The below code chunks will perform SVM by using 5-fold cross
validation to search for the optimal hyperparameters and using those to
train the final model. We will use linear and RBF kernels.
complete_garment_data1$productivity <- as.factor(complete_garment_data1$productivity)
set.seed(123)
index <- sample(1:nrow(complete_garment_data1), 0.8 * nrow(complete_garment_data1))
train.data <- complete_garment_data1[index, ]
test.data <- complete_garment_data1[-index, ]

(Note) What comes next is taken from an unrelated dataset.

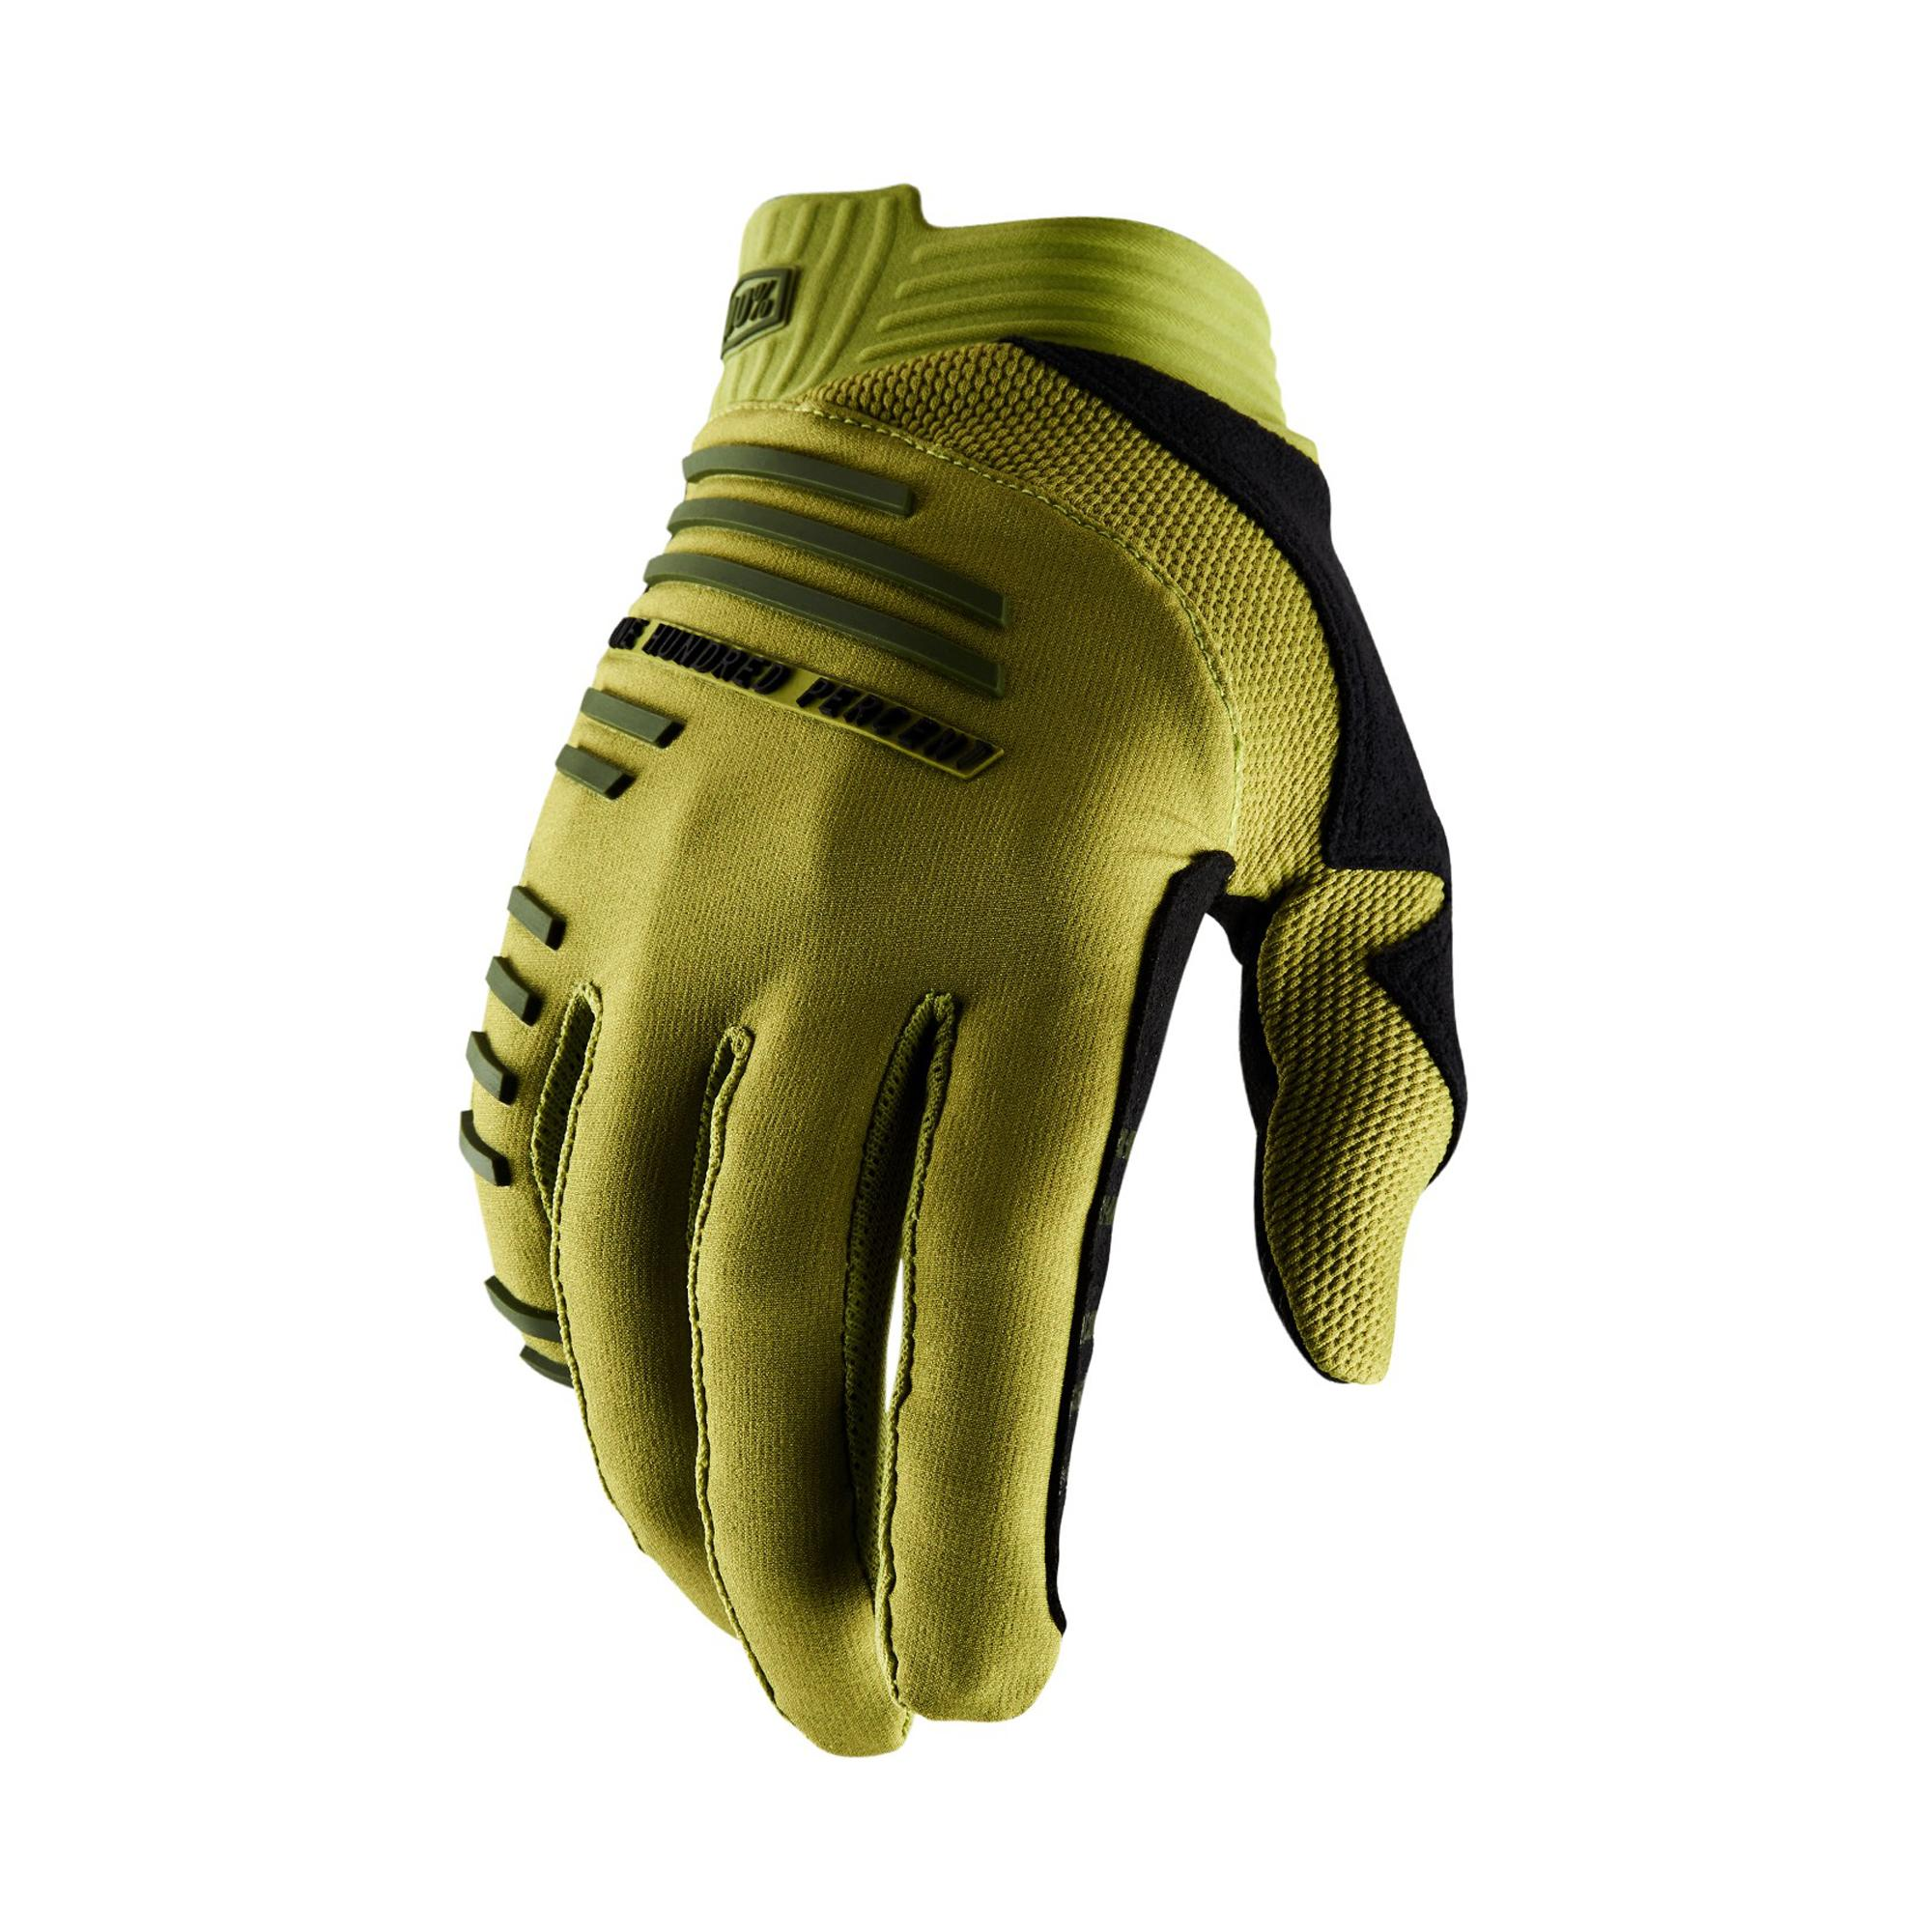 R-CORE Glove Olive -

tune_control <- tune.control(
cross = 5,
nrepeat = 1
)
tune.RBF <- tune(
svm,
productivity ~ department + team + targeted_productivity + smv + wip + over_time + incentive + idle_time + idle_men +
no_of_style_change + no_of_workers + dayMonday + daySaturday+ daySunday + dayThursday + dayTuesday + dayWednesday,
data = train.data,
kernel = "radial",
ranges = list(
cost = 10^(-1:2),
gamma = c(0.1, 0.5, 1, 2)
),
tunecontrol = tune_control
)
best.RBF <- tune.RBF$best.model
best.cost.RBF <- best.RBF$cost
best.gamma.RBF <- best.RBF$gamma
final.RBF <- svm(
productivity ~ department + team + targeted_productivity + smv + wip + over_time + incentive + idle_time + idle_men +
no_of_style_change + no_of_workers + dayMonday + daySaturday+ daySunday + dayThursday + dayTuesday + dayWednesday,
data = train.data,
kernel = "radial",
cost = best.cost.RBF,
gamma = best.gamma.RBF,
probability = TRUE
)
##################
# tune.control <- tune.control(
# cross = 5, # Use 5-fold cross-validation, the default is 10-fold cross-validation
# nrepeat = 1 # Number of repetitions (for repeated cross-validation)
# )
tune.lin <- tune(
svm,
productivity ~ department + team + targeted_productivity + smv + wip + over_time + incentive + idle_time + idle_men +
no_of_style_change + no_of_workers + dayMonday + daySaturday+ daySunday + dayThursday + dayTuesday + dayWednesday,
data = train.data,
kernel = "linear",
ranges = list(
cost = 10^(-1:2)
),
tunecontrol = tune_control
)
best.lin <- tune.lin$best.model
best.cost.lin <- best.lin$cost
final.lin <- svm(
productivity ~ department + team + targeted_productivity + smv + wip + over_time + incentive + idle_time + idle_men +
no_of_style_change + no_of_workers + dayMonday + daySaturday+ daySunday + dayThursday + dayTuesday + dayWednesday,
data = train.data,
kernel = "linear",
cost = best.cost.lin,
probability = TRUE
)
logit.fit <- glm(productivity ~ department + team + targeted_productivity + smv + wip + over_time + incentive + idle_time + idle_men + no_of_style_change + no_of_workers+ dayMonday + daySaturday+ daySunday + dayThursday + dayTuesday + dayWednesday, data = train.data, family = binomial)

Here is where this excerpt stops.